可惜,他没能早生几年,没有早即位几年,而大夏的国力与朝堂,在萧炎多疑与萧锦程萧锦宪的夺嫡之战中,消耗了太多了,虽然这之中,有不少是他这个当时的楼兰二皇子,有意加剧的矛盾,萧锦遇这样年纪轻轻壮志未酬便先夭折,确实可惜。

这样的消息让张邑也沉重的复杂,他的沉重自然不是因为对这个少年皇帝有多少感情,可他却很清楚他对于他所重要的那个人的分量,可在可惜的同时,也松了口气。

“起码这场战争不必再打下去了,只是她怕是很难过这一关了,毕竟她的大半生,都在为这个弟弟而活。”

云晏离叹息。

“这场战争打了三年,本来以为还要再支撑一段时间,乱世出英才,大夏这些年,开始的时候给萧锦遇与萧若破格提拔了一个凌浩承,在之后又出了一个悍将赵越桦,谋士尔东臣,先锋官陈碧兹,这些人,在战争没有正式开始,萧若没有入军的时候籍籍无名,可见大夏不是没有能用之将,是高层太多的人让这些有实力没有身份的人无法出头。”

“如今战争结束了,这些人也成了左右不是的罪人,在那些贵族要以他们的头领来献城之前,他们必然会发起动变,而这些人的精神领袖萧若,也是最大的不安因素,萧锦遇虽然认清了局势,不愿再荼毒生灵。”

“可以萧若的性情,若是她不放下这层芥蒂,她手下的这笑骁勇悍将,怕是很难放下手中的冰刃,造成即便没有皇帝没有头领,也会全力以赴抵抗楼兰军队进入中原的力量,那时的战场,怕是要蔓延到内陆,更多的中原百姓,都要遭殃了。”

张邑深深呼吸,想要说些什么,最后还是压下来了,不得不承认道。

“以她的性情,回过神来,若是放不下,势必要以死相博的。”

温妤紧握了手上的袖子,死死压制住心头好像无法下制住的,不断涌出的寒气,终究还是踏出这一步。

“让我去见她,我来说服她放下抵抗。”

帐中的人纷纷转而望向她,云晏离与张邑更是明显不赞同,云晏离过来,握住她握的发紧,完全冰凉的手。

“你可知现在夏军之中,有多不安定?有的是人想趁机作乱,将两方的关系挑拨的更厉害。”

温妤看着他,经过这些年的调养,又越见年长,而且孩子都已经有了一个,逐渐脱离少女之姿的她,一如云晏离所料,仿佛像个脱变的蝴蝶,涅槃的凤凰,沉淀出尘,绝代风华。

眼波温柔而不娇弱的沉稳,气韵沉厚而不锋芒的威严,当然,那是面对外人和臣子的。

在他面前,她永远好像都像一只慵懒的小老虎,不必捕食时不介意依赖他粘着他做个淘气的小妻子,需要她帮忙时,很多不需要他开口,也能恰到好处的给他做好一切准备,就像现在。

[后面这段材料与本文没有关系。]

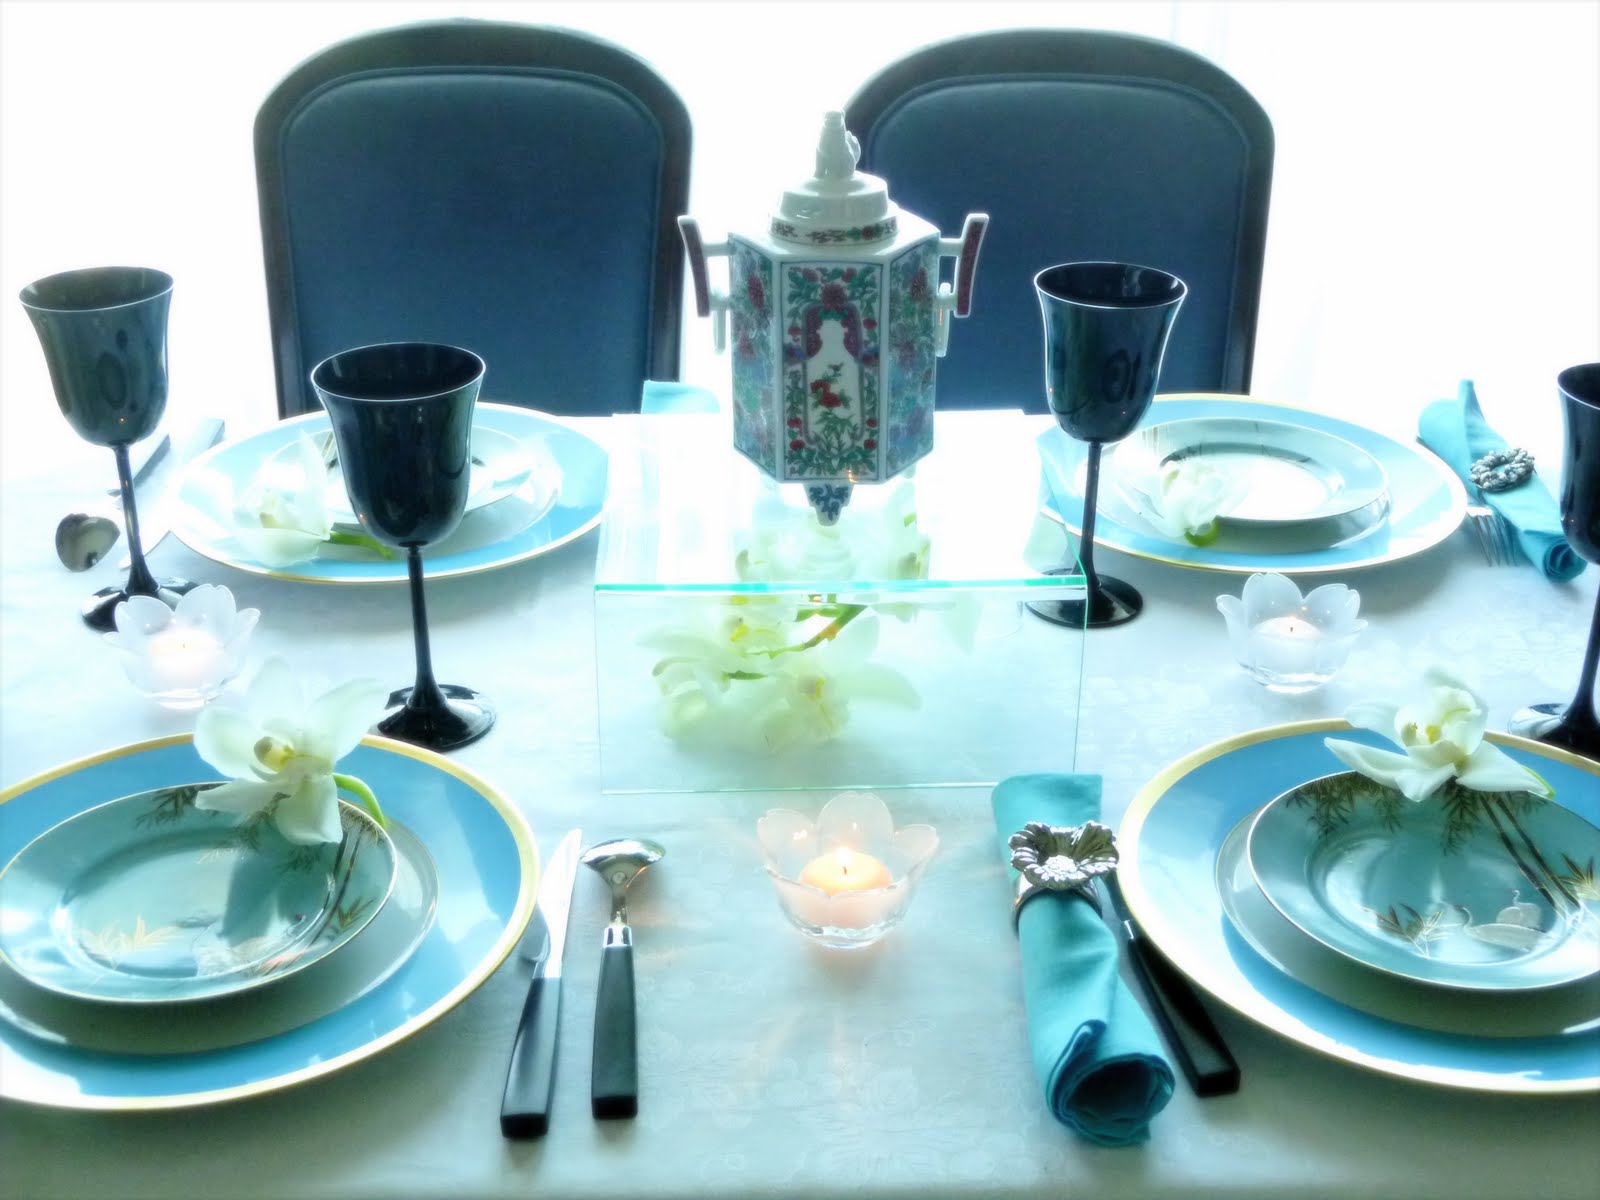 Come decorare la tavola in stile orientale, servizi e idee per uno stile esotico

“有危险,可更值得冒险不是吗?这样能避免很多的伤亡和战争的动乱延续。”

云晏离隐忍,点头,倒不否认,因为即便是他也能分得清其中利弊的,但这个人是她,他不敢冒险。

“本相陪皇后一起去。”

云晏离与温妤同时转身看他,就见张邑迈步过来,脸上有着决然,眉宇间也透着无奈。

“本来这事,应该是本相去最合适的,即便那里是龙潭虎穴,除了萧若,本相还自认还不至于让一些后辈小子得逞了,可两位应该也知道。”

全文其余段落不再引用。